- Explores the hypothesis that probability of default is affected by general conditions in the economy over time
- Survival analysis provides a framework for their inclusion as time-varying covariates
- Macroeconomic variables, such as interest rate and unemployment rate improves model fit and affects probability of default
yielding a modest improvement in predictions of default on hold out sample - Can simulate the effects of downturns in the macroeconomy on the future PD for an applicant and can also do so for future PDs for a portfolio of applicant
- Use Cox PH model with time varying covariates
- Survival analysis has been applied in many financial contexts including explaining financial product purchases (Tang et al. 2007), behavioural scoring for consumer credit (Stepanova & Thomas 2001), predicting default on personal loans (Stepanova & Thomas 2002) and the development of generic score cards for retail cards (Andreeva 2006)
- Allows to model not just if a borrower will default, but when.
Cox Proportional Hazard Model
- Study time to failure of some population (time to failure)
- Can include data that have not time to fail (censored data)
- Use hazard function which gives the range of probability of failure at time t
- The model is semiparametric: depends on a vector of coefficients beta
- Coefficients beta are estimated using a partial likelihood function of the training observations. This way allows for the use of the maximum likelihood estimation without the need to know the baseline hazard (Hosmer and Lemeshow 1999, section 7.3)
- Numeric integration is used to compute the coefficients following Chen et al (2005)
Implementation
- Data on credit card account from a UK bank from 1997 to mid-2005.
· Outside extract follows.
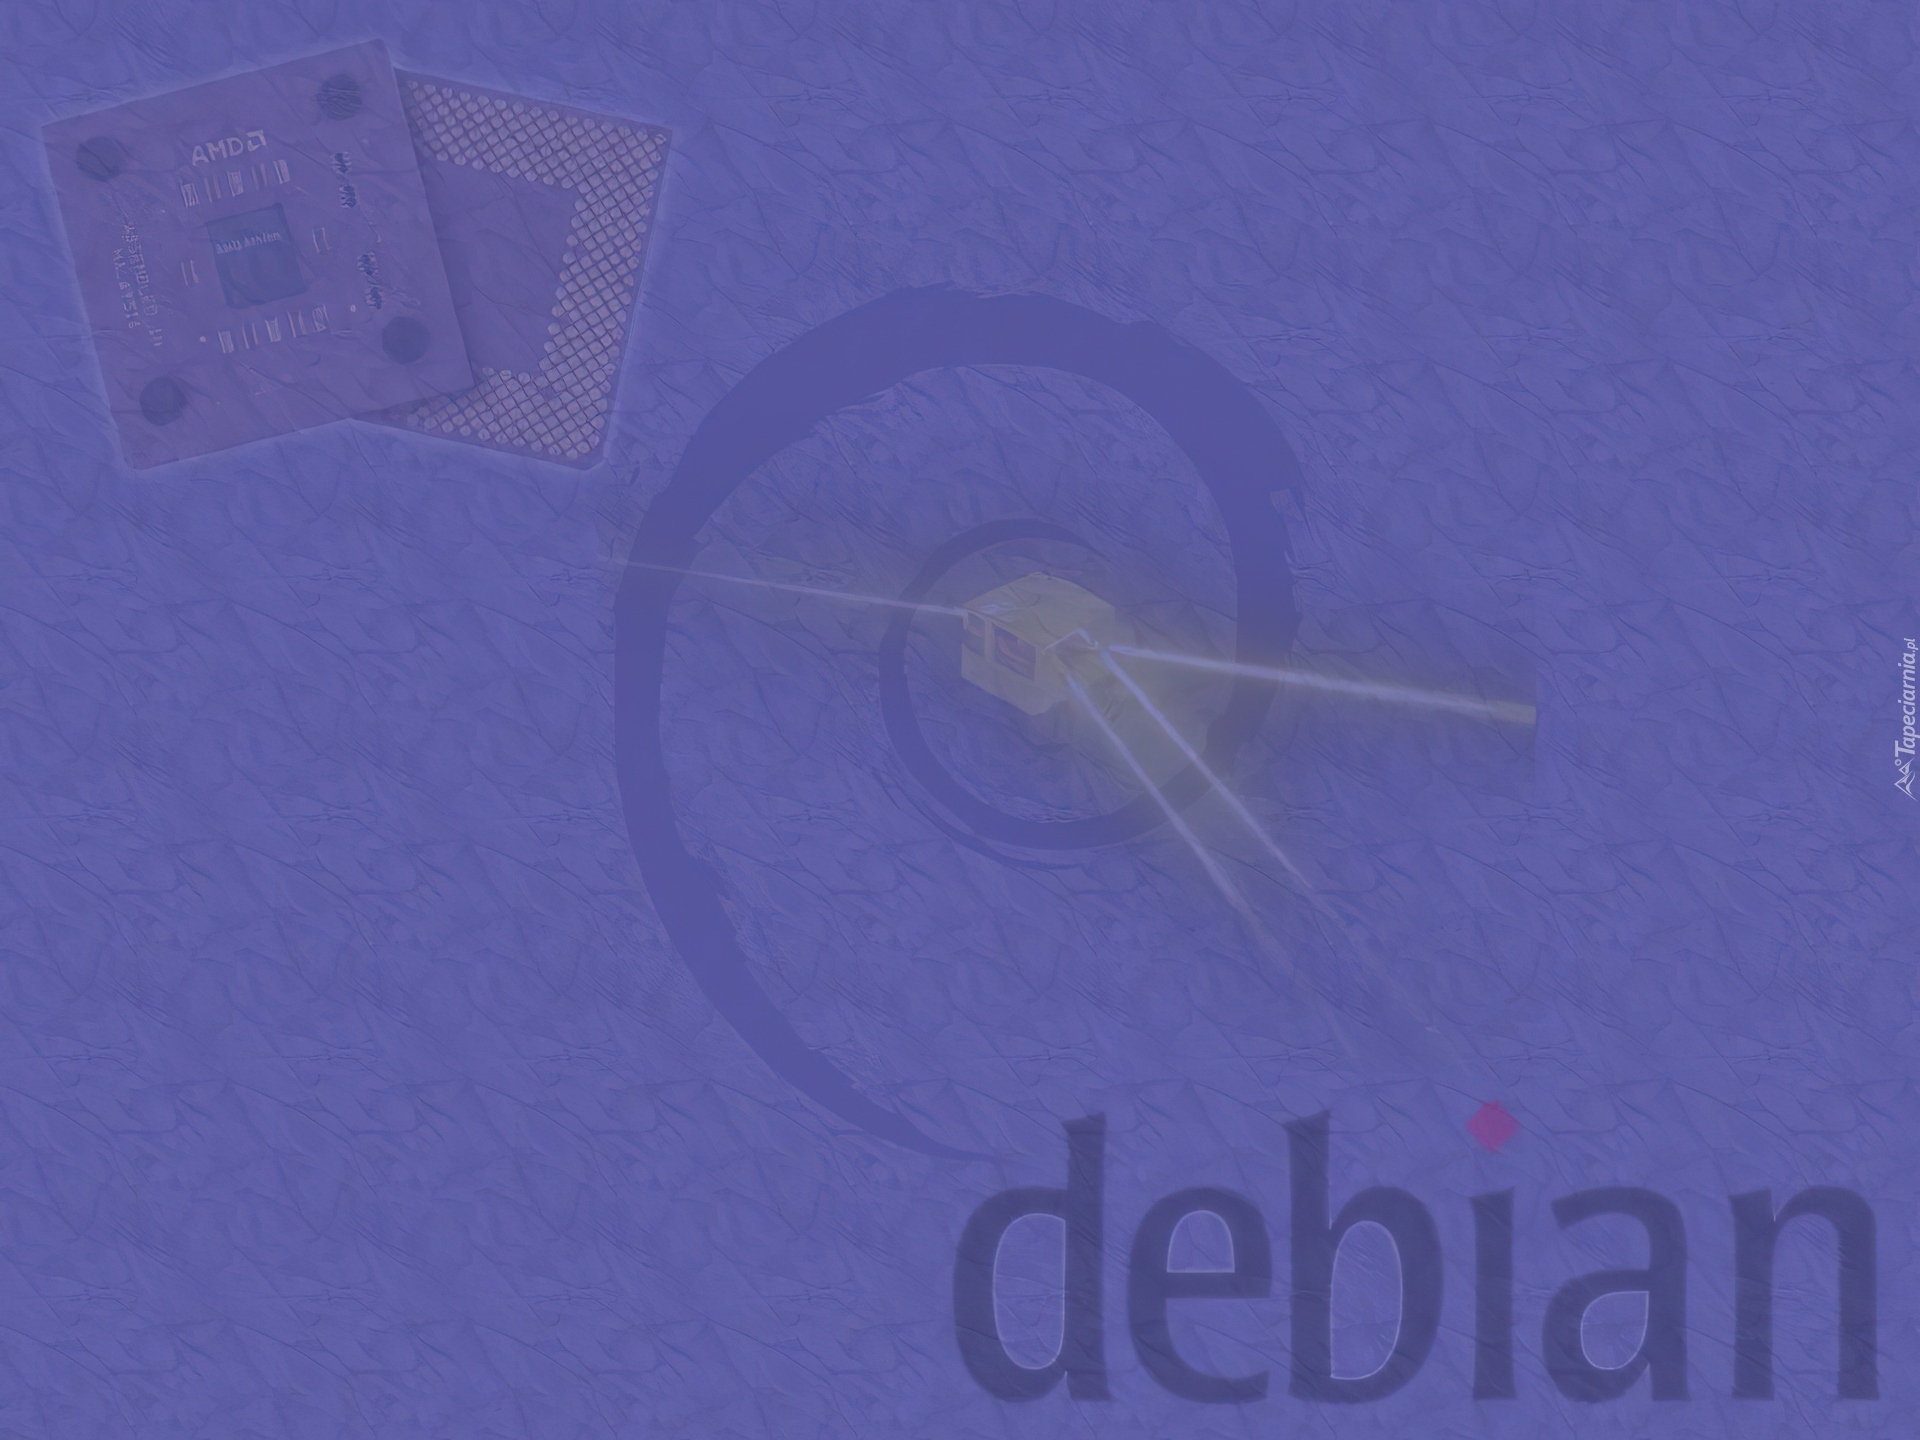 Linux Debian, grafika, muszla, ślimak, zawijas

- Training data: 1997-2000
- Out of sample : 2002-2005
- Due to large size of data sample it was judged that forward and backward elimination methods would be too time consuming
- Default defined as three consecutive missed payments
- Use default within 12 months of opening account
Problem of imbalanced data
- Discussions by Chawka et al (2005)
- Natural distribution is not necessarily the optimal one (Weiss and Provost 2003)
- Most common and simplest solutions are 1) under-sampling the majority class or 2) over-sampling the minority class
- some concerns for over-sampling of overfitting (Weiss 2004).
- Chose to over-sample the total number of bads so to be a many as the goods. Found that it gave good results for this study
- Best predictive results were achieved when no over-sampling was used for logistic regression
- Oversampling of bad cases artificially alters the distribution of training cases so that the Wald statistic can not be used to generate P-values. use bootstrap method to compute percentile confidence interval for each coefficient estimates for which P-values are reported (Efron and Tibshirani 1993)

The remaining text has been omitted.